The purpose of this project is to build small machine learning algorithms, to get to the fundamentals of ML. As such, nothing is optimally implemented and there is no fancy back-propagation.
The algorithms are intended to model basic logic gates, like AND, OR and XOR.
Logic gates like AND have two inputs and a single output. This is reflected in the model such that the single neuron takes two inputs and returns a single output, so the architecture looks something like the image below.
Training the model, the cost vs. iteration curves look like power laws, which is reasonable.
The algorithm is able to model gates like AND and OR, for which I've plotted 3D below. The x and y axes correspond to the inputs of the gates, and z axis to the output. The black markers are the training data, and the surface is the model output.

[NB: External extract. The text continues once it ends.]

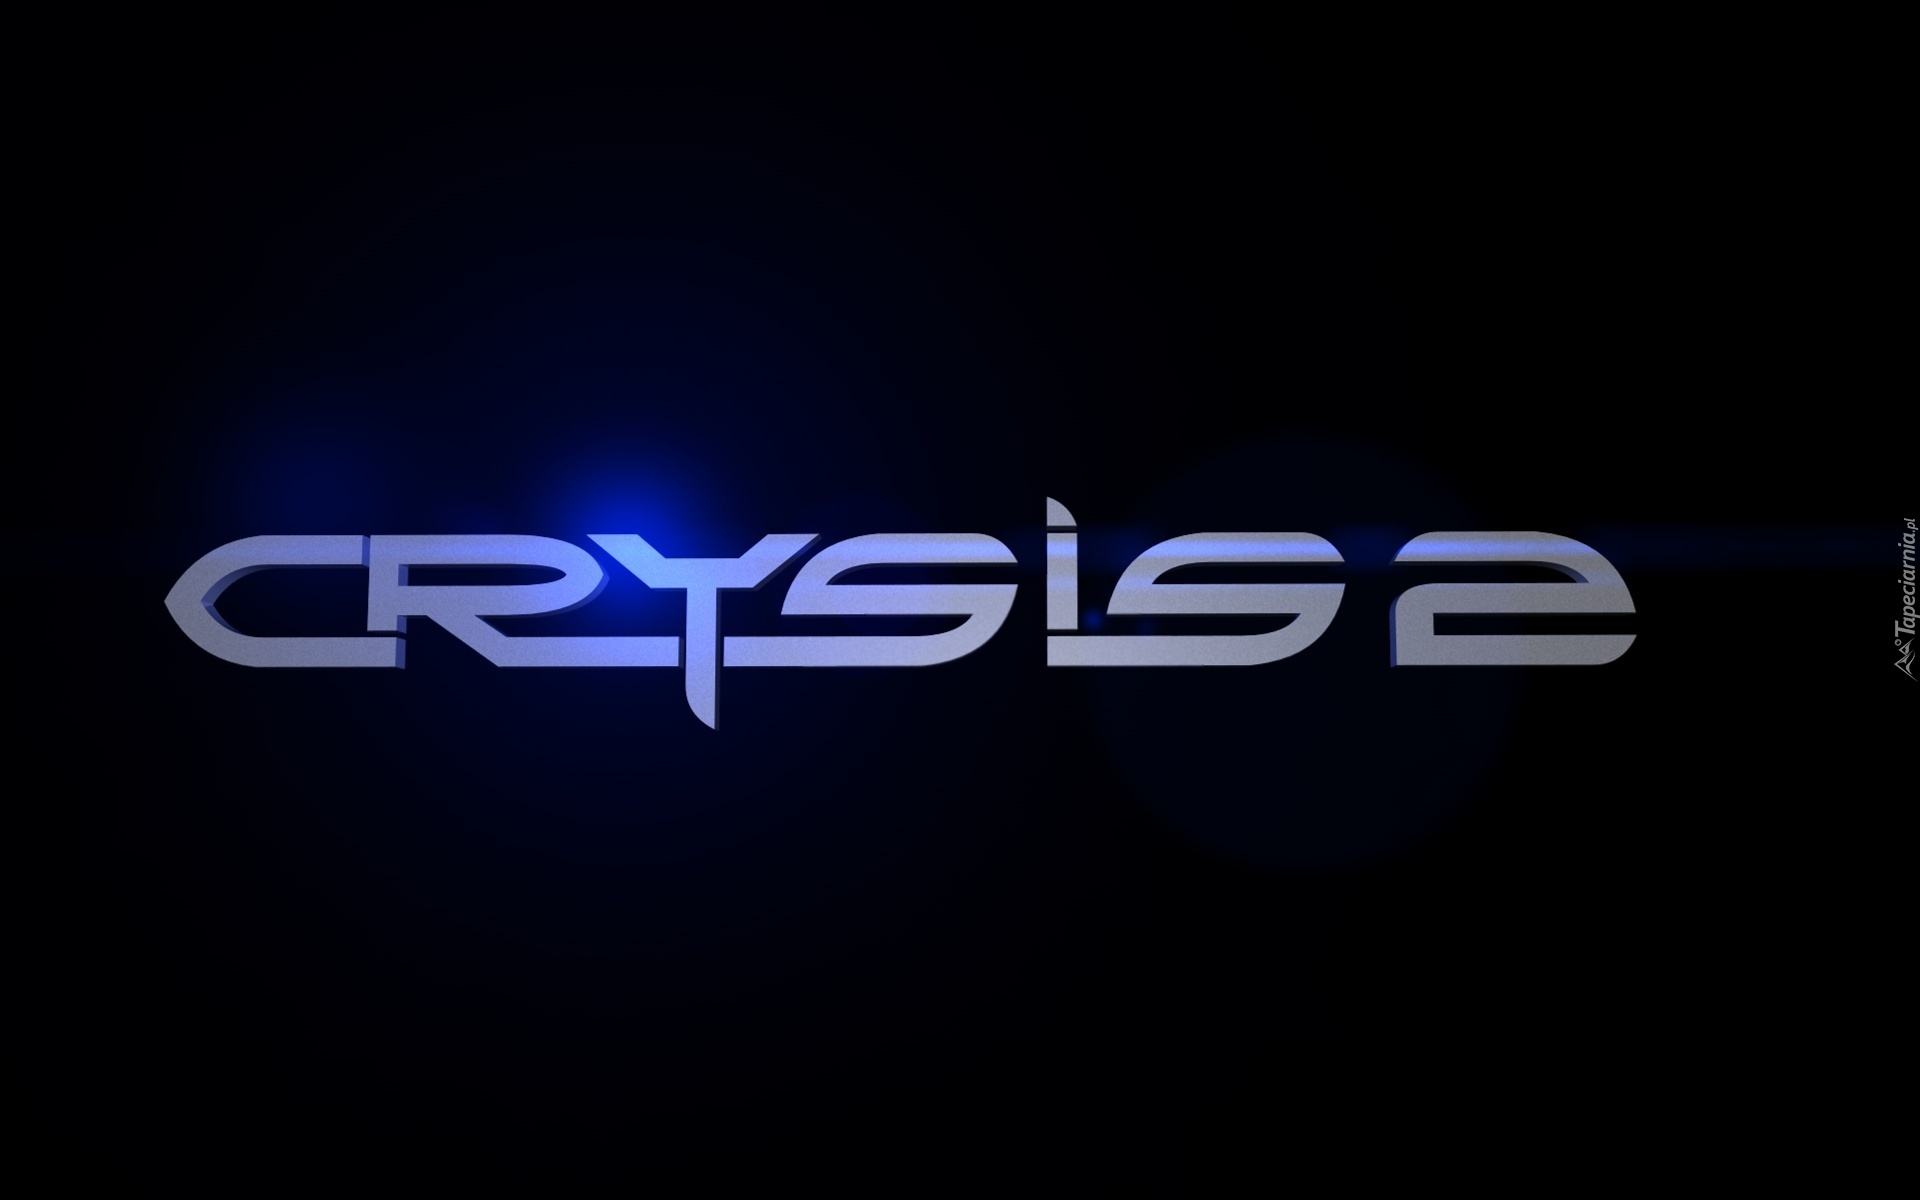 Logo, Crysis 2

Looks decent, but as can be seen from the image below, XOR gate does not work. Why not?
Taking another look at the architecture, the equation we are essentially solving for is: output = activation(weight1*input1 + weight2*input2 + bias). The activation function brings some non-linearity, but the surface still does not have any saddle points -- meaning, it can't look like a pringle. To solve this issue, we need more parameters, so let's pump them up from 3 to 9.
Adding a few more neurons, the architecture now looks something like this:
Training this model, we get much better results for the XOR gate. We can see that with the newely introduced degrees of freedom allow for this pringle shape, and the XOR gate is able to be modelled.
That's it. I recommend you read through the code comments as well.